* Instructions for the task:
Repeat precisely the span of lines below that opens with the line containing "php_memcache.dll fayli yo'qolganmi?." and closes with the line containing "Luxury Hermes CK89", both included.
==== Records for processing ====
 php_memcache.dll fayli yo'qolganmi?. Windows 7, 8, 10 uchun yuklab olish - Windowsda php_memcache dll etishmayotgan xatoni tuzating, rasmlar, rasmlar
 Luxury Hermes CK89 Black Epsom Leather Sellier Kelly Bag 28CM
====
==== Records for processing ====
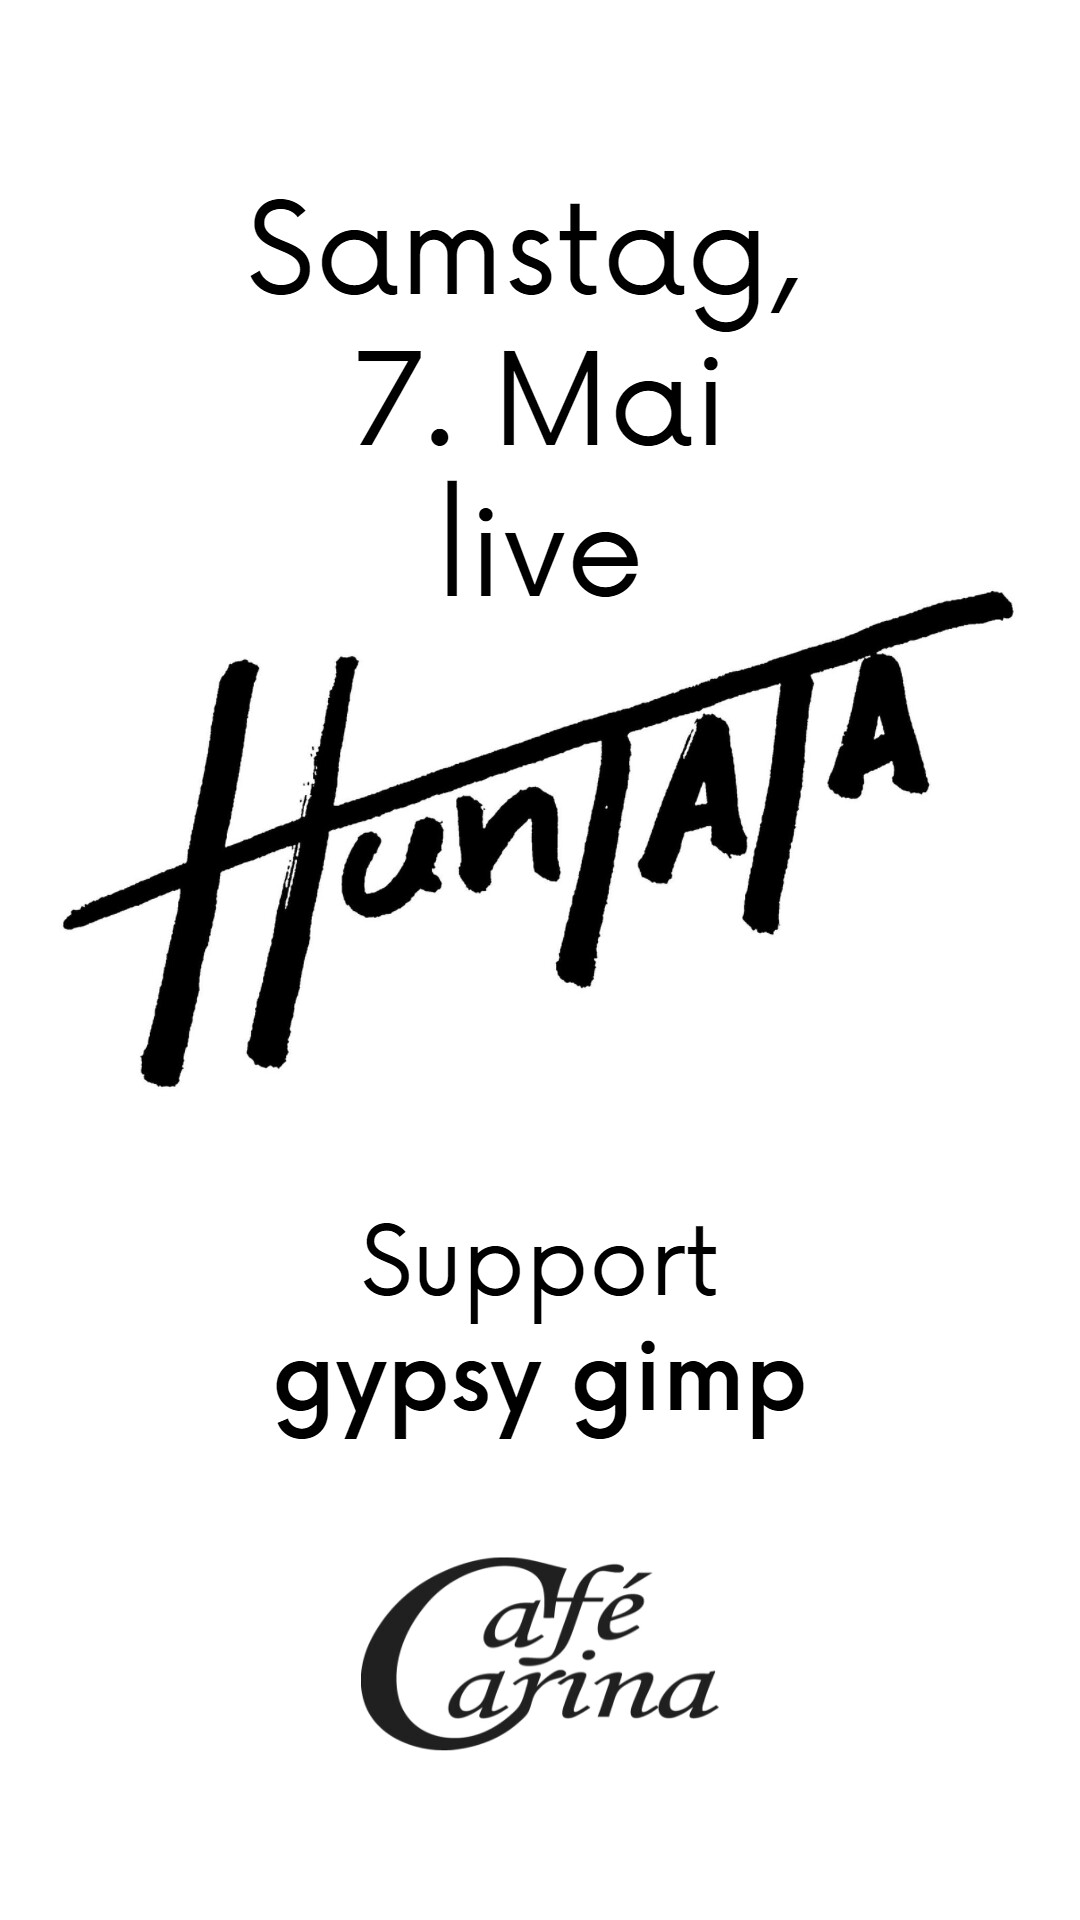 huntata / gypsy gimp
====
==== Records for processing ====
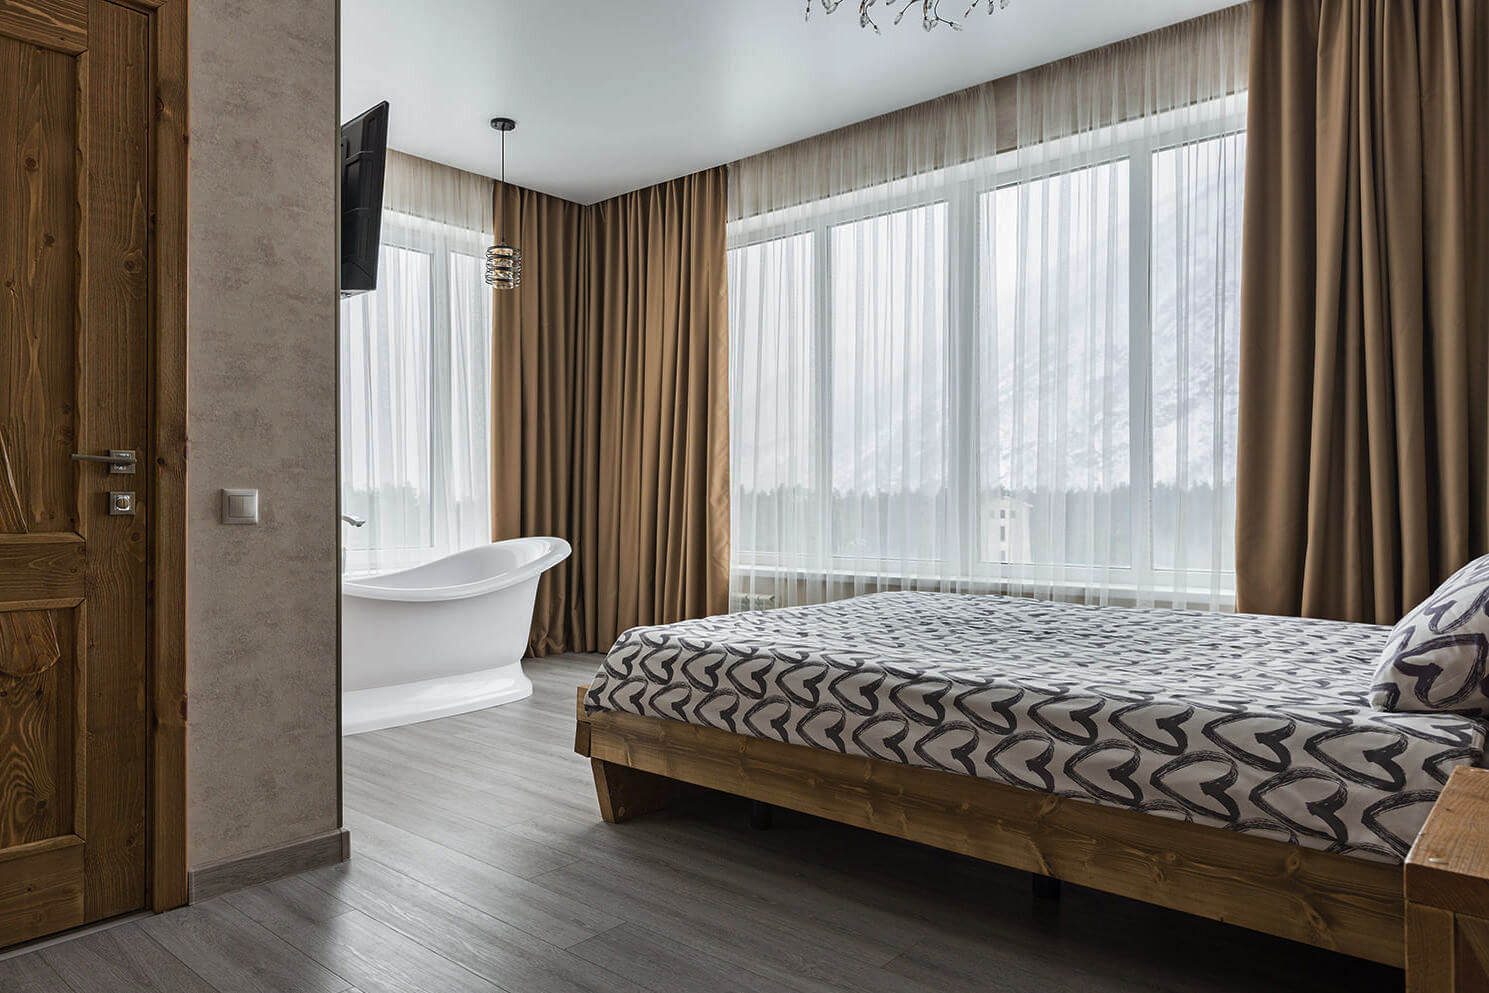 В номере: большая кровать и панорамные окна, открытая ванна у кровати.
====
* Solution for this exercise:
 php_memcache.dll fayli yo'qolganmi?. Windows 7, 8, 10 uchun yuklab olish - Windowsda php_memcache dll etishmayotgan xatoni tuzating, rasmlar, rasmlar
 Luxury Hermes CK89 Black Epsom Leather Sellier Kelly Bag 28CM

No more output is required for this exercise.